“It’s worse. It’s the return of an evil so malevolent, so hideous, the entire civilized world cheered when it was finally vanquished from the earth at the end of the eighties.”

“The Soviet Union has reestablished itself in a public garden?”

“Even worse than that,” Shawn said. “Look.”

With a mounting sense of dread, Gus turned slowly to see what Shawn was talking about.

Shawn was right. As horrifying as the Beast prowling through Gus’ heat-induced hallucination had been, this was worse. Its face was waxen white, its lips bloodred, its eyes ringed with thick black. Gus’ first instinct was to run screaming out of the snack bar area; his second was for a frontal attack. Before he could decide between fight and flight, though, he noticed that the creature was slamming its blue-and-white-striped appendages uselessly against some kind of invisible barrier.

“It’s trapped in the box,” Gus said.

“For the moment,” Shawn agreed. “But that’s not going to last long. Before we can do anything, it will be out of the box and then it will start walking into the wind. And after that, well, you know what happens.”

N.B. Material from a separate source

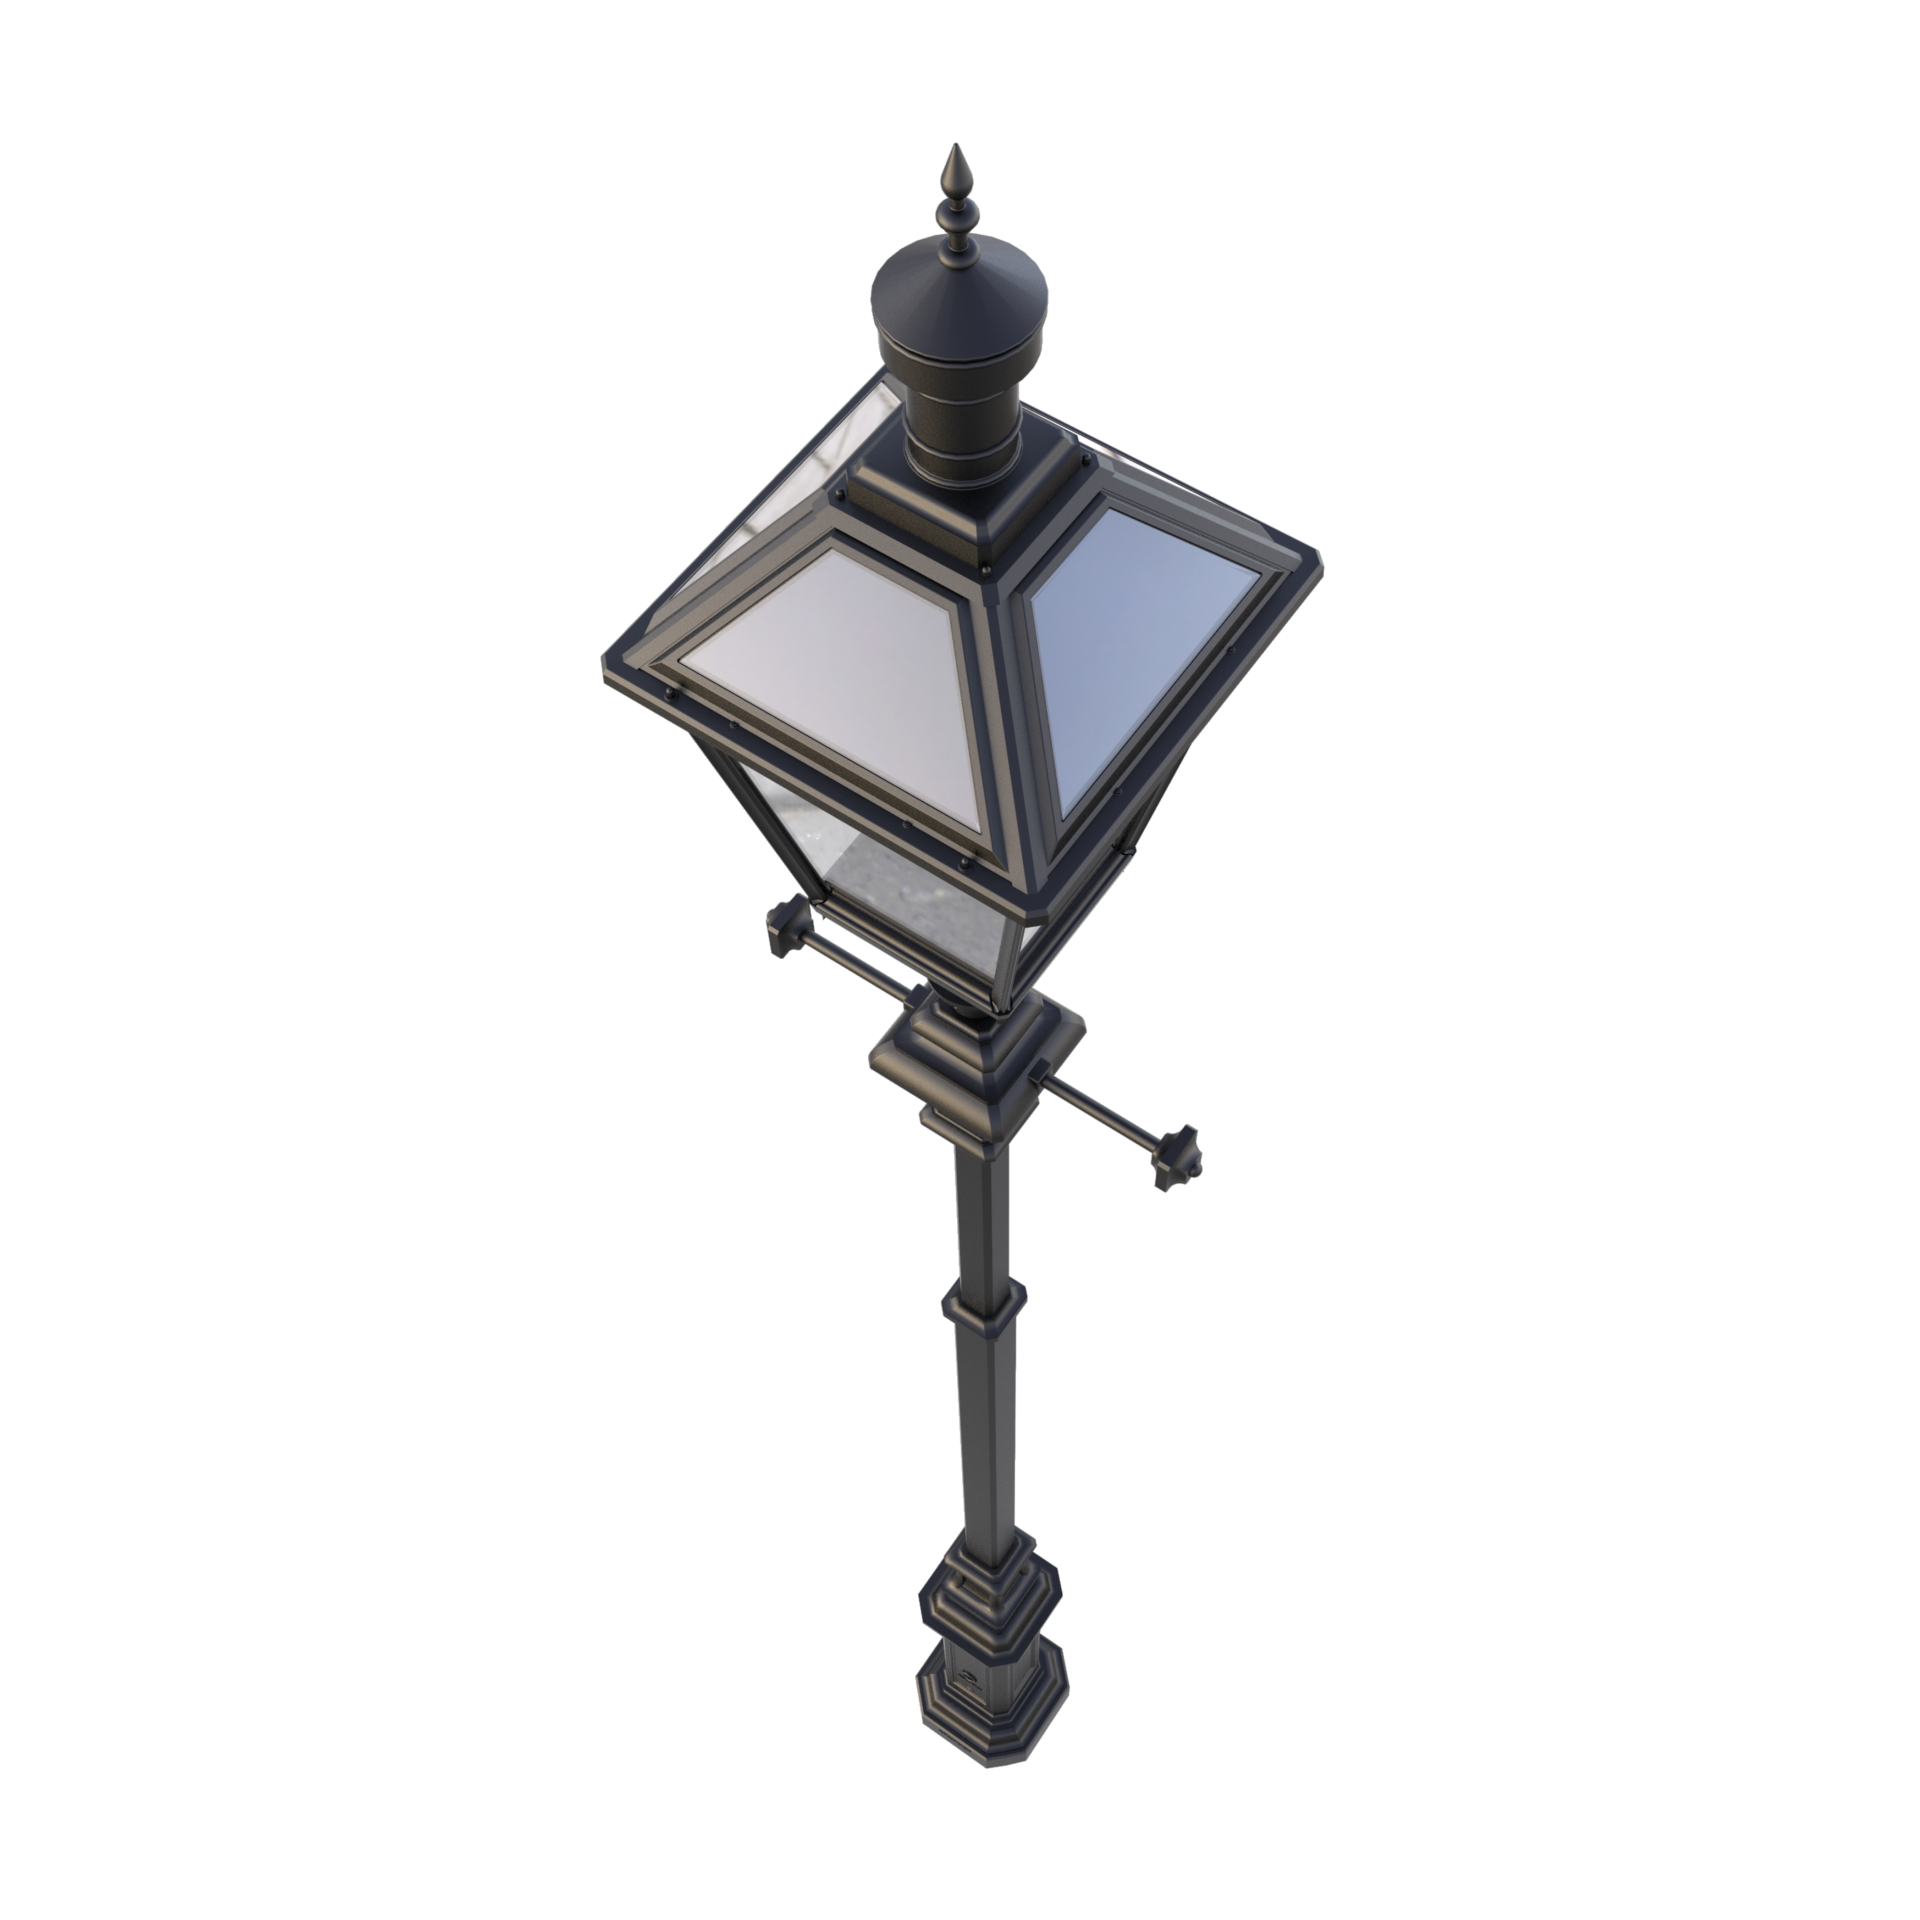 HISTORYGLOW Classic Artistic cast iron lamp post

Gus did. Once the wind stopped blowing, the demon would turn its bereted head on the innocent people in the garden and start to imitate them. But this wouldn’t be just any imitation. It would be vicious caricature, emphasizing the least attractive aspects of its victims. Or, far more likely, emphasizing whatever set of moves it had been taught in mime class that week.

“Should we alert security?” Gus whispered.

“It’s apparently neutralized the guards.” Shawn pointed down at the second beret lying at the mime’s feet. It was dotted with coins, mostly pennies, but also the occasional nickel or dime, along with a single quarter. One lone dollar bill was tucked into the brim, obviously placed there by the mime itself to plant the idea of donating paper money in the minds of its viewers. “To haul in that much cash, it must have been here for hours.”